For this exercise, output exactly and only the lines running from the one with "Warren 2024 Dream Big Fight Hard Shirt" through the final line of the data below, without pictures.

■ **Data excerpt**:
******
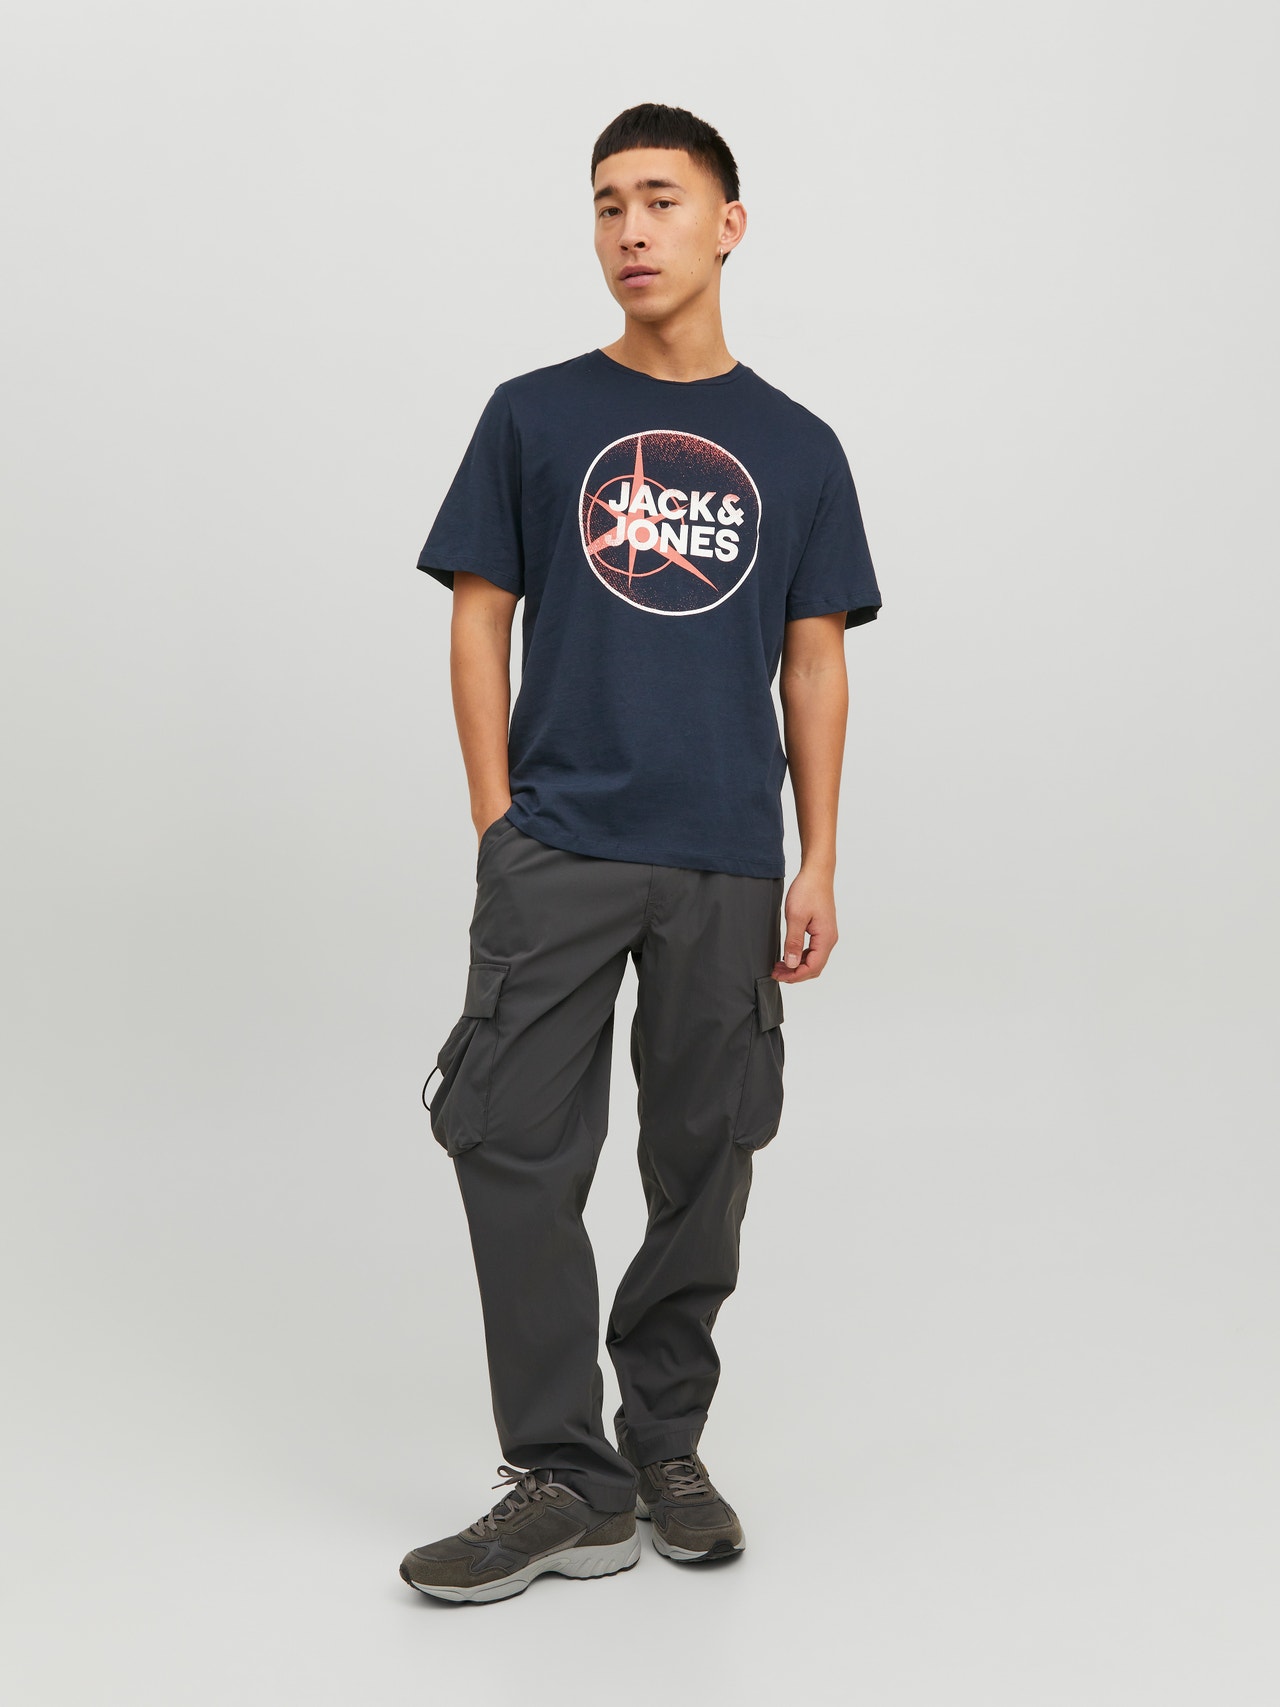 Jack & Jones Logo Ronde hals T-shirt -Navy Blazer - 12234347
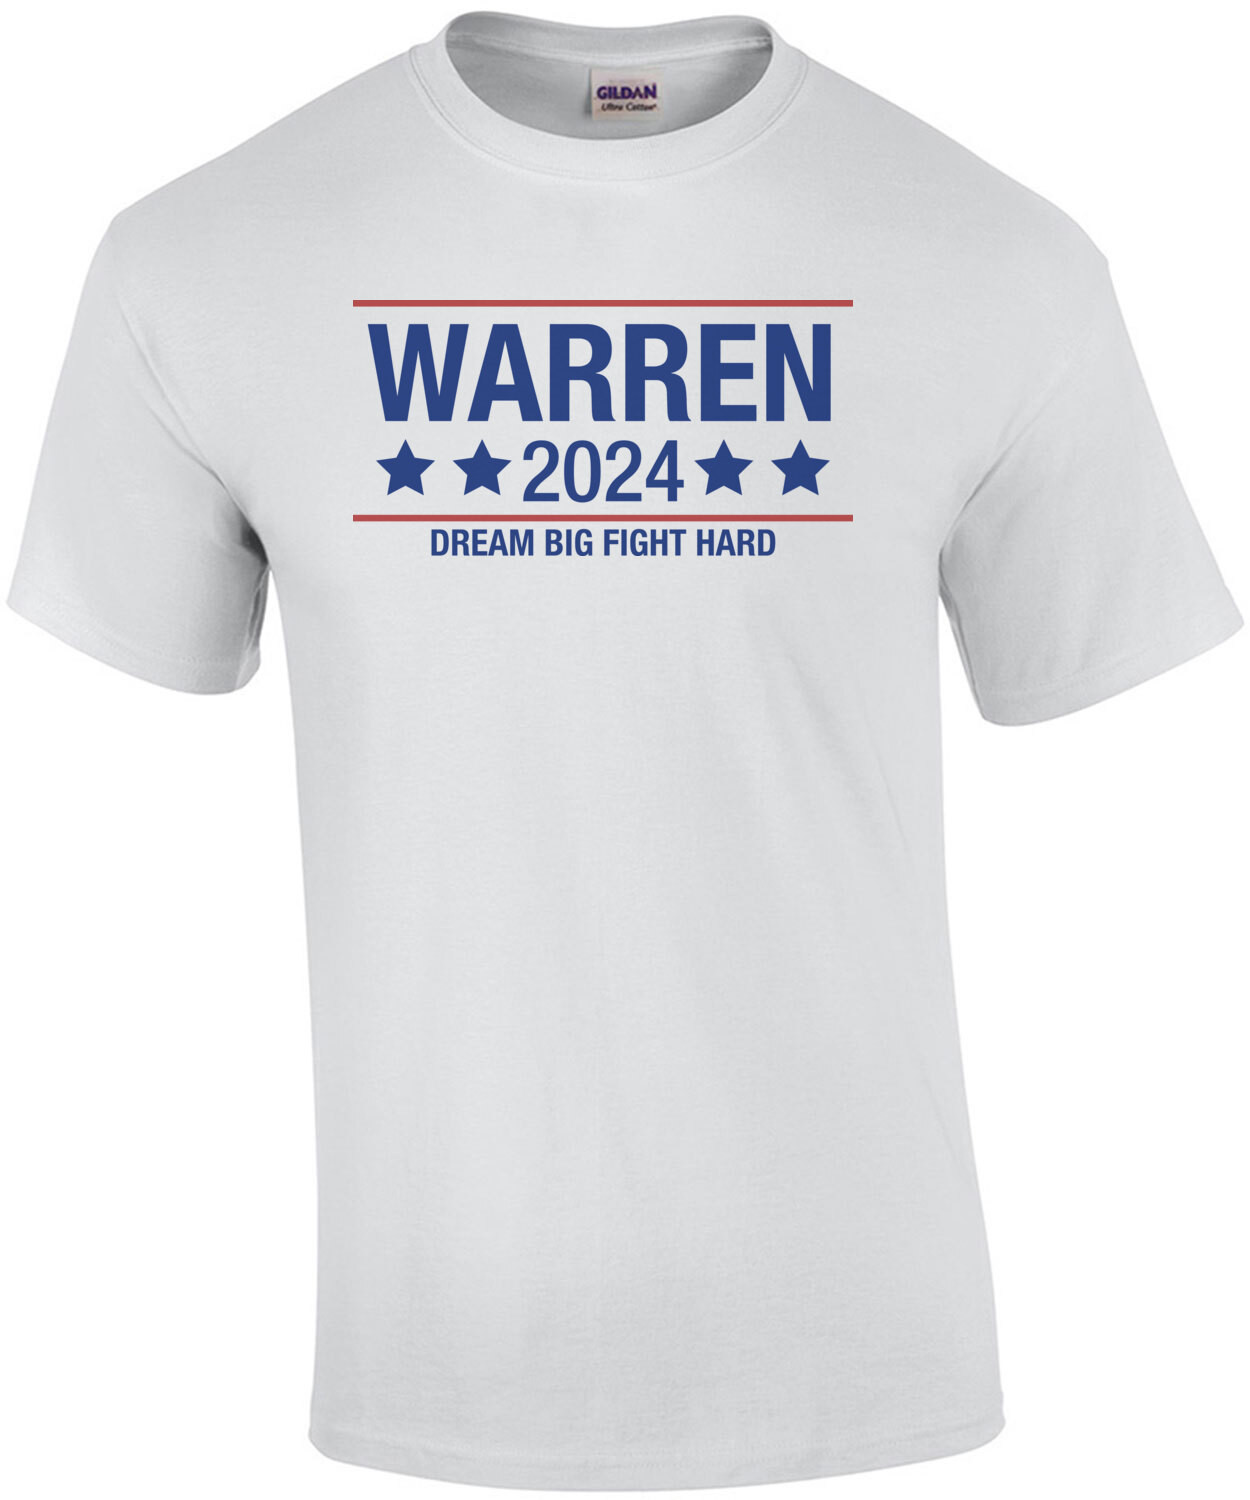 Warren 2024 Dream Big Fight Hard Shirt
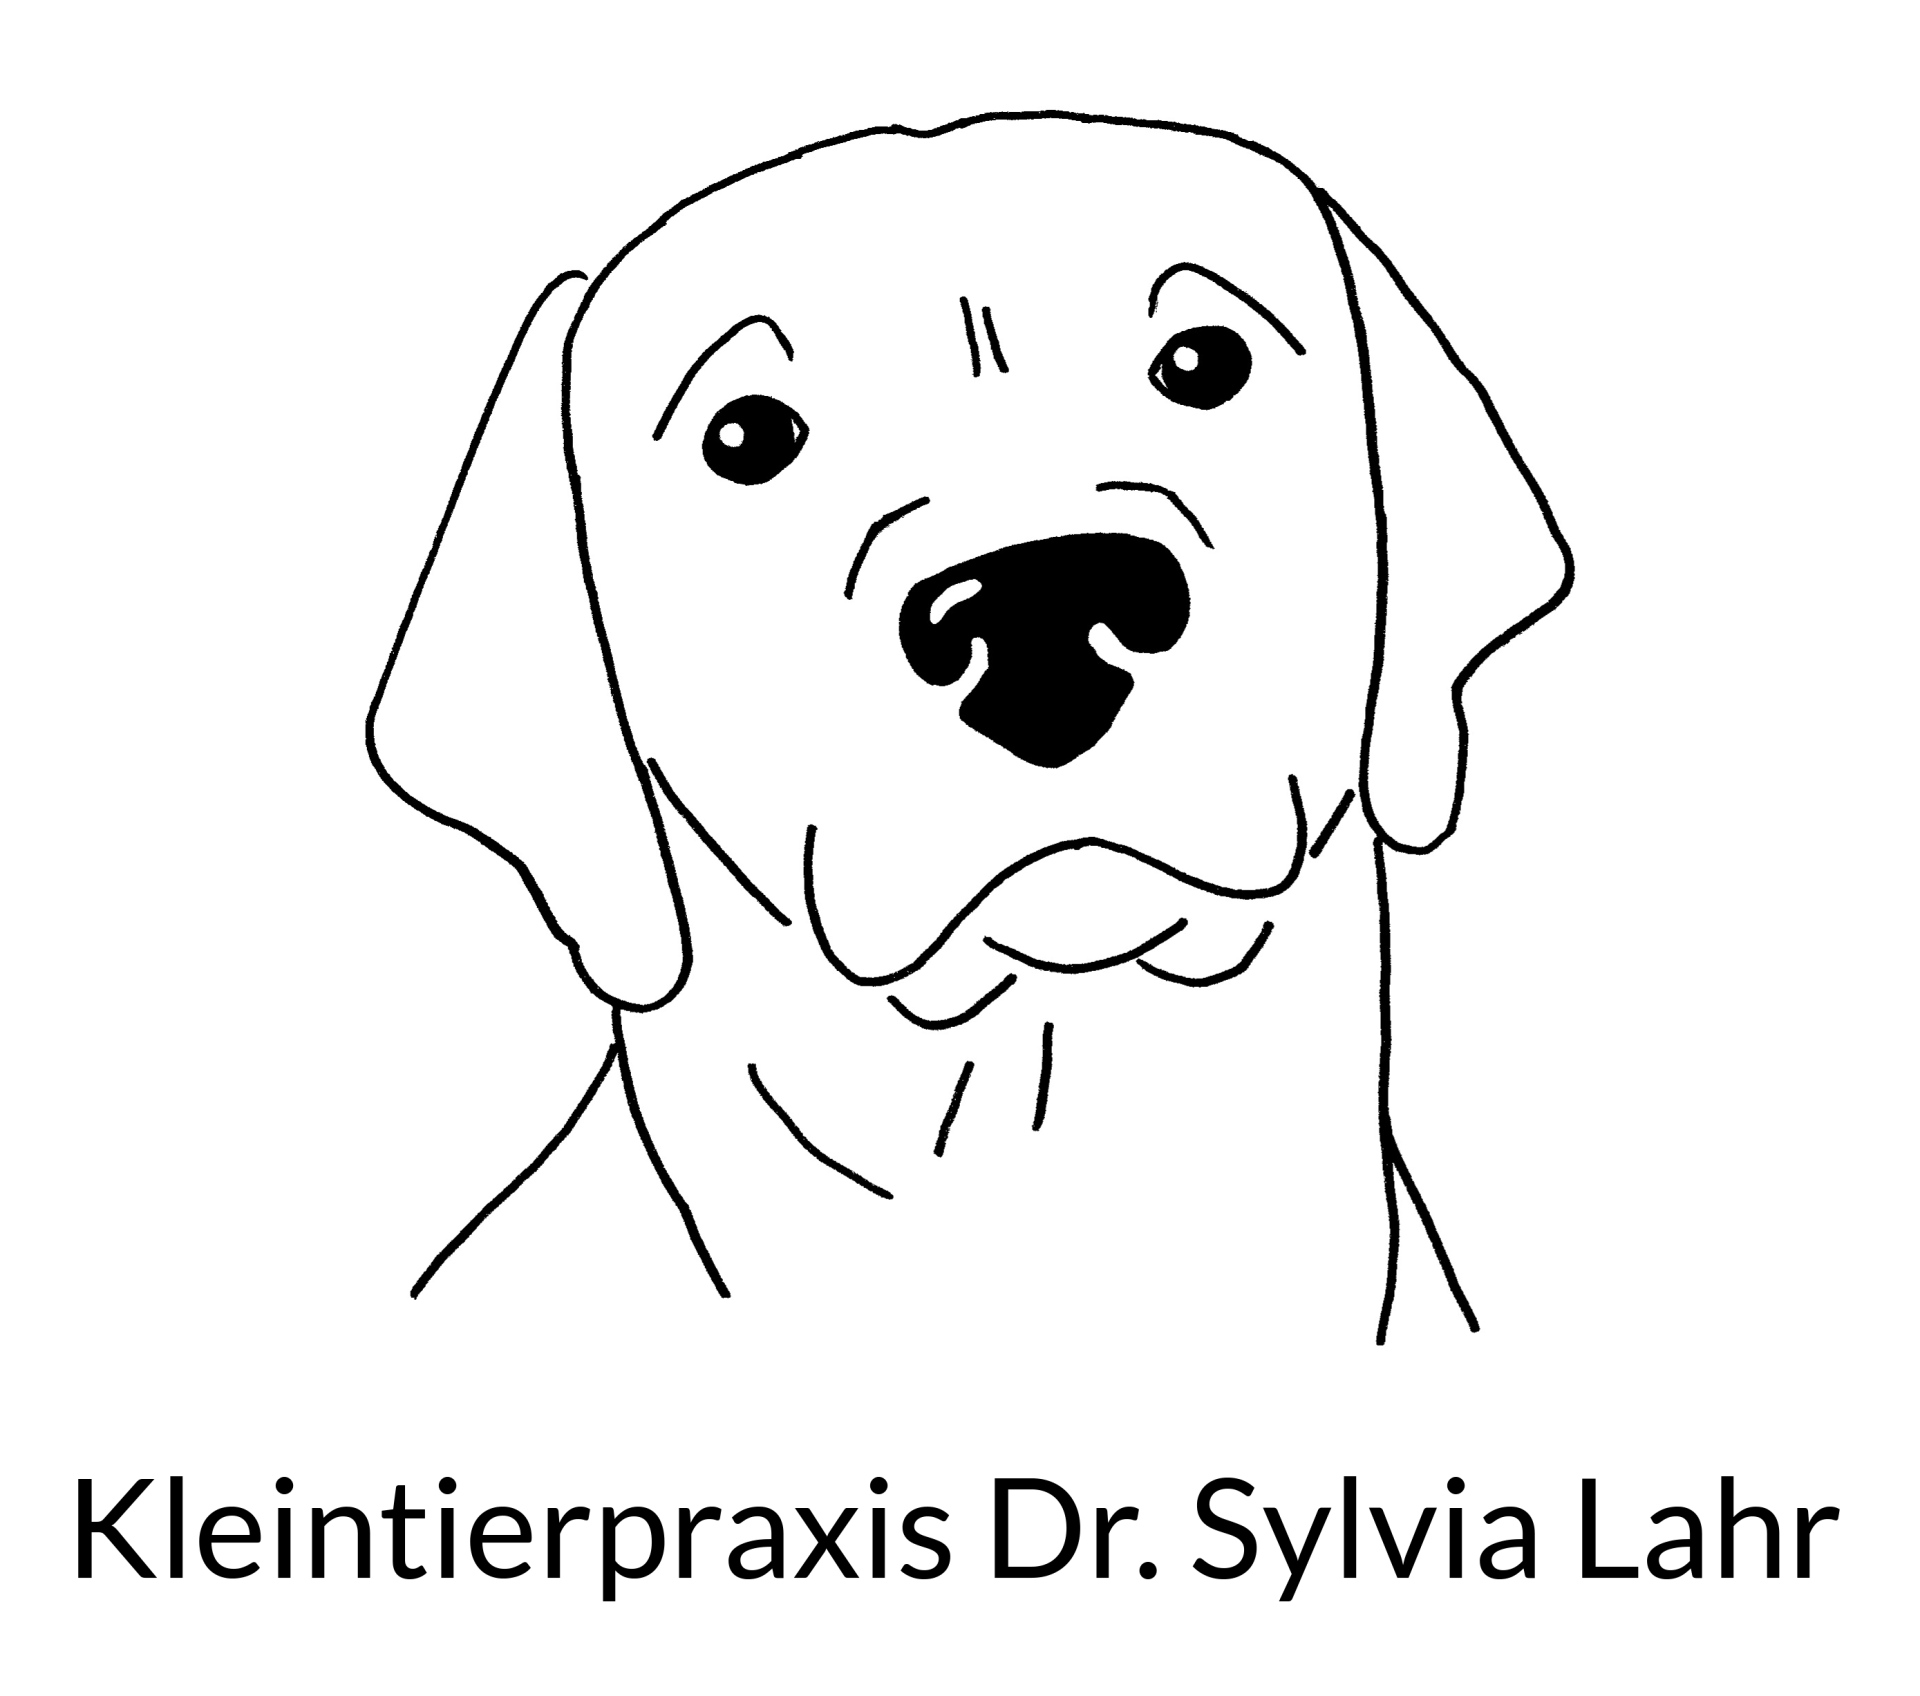 Kleintierpraxis Dr. Sylvia Lahr
******
■ **Solution to this problem**:
 Warren 2024 Dream Big Fight Hard Shirt
 Kleintierpraxis Dr. Sylvia Lahr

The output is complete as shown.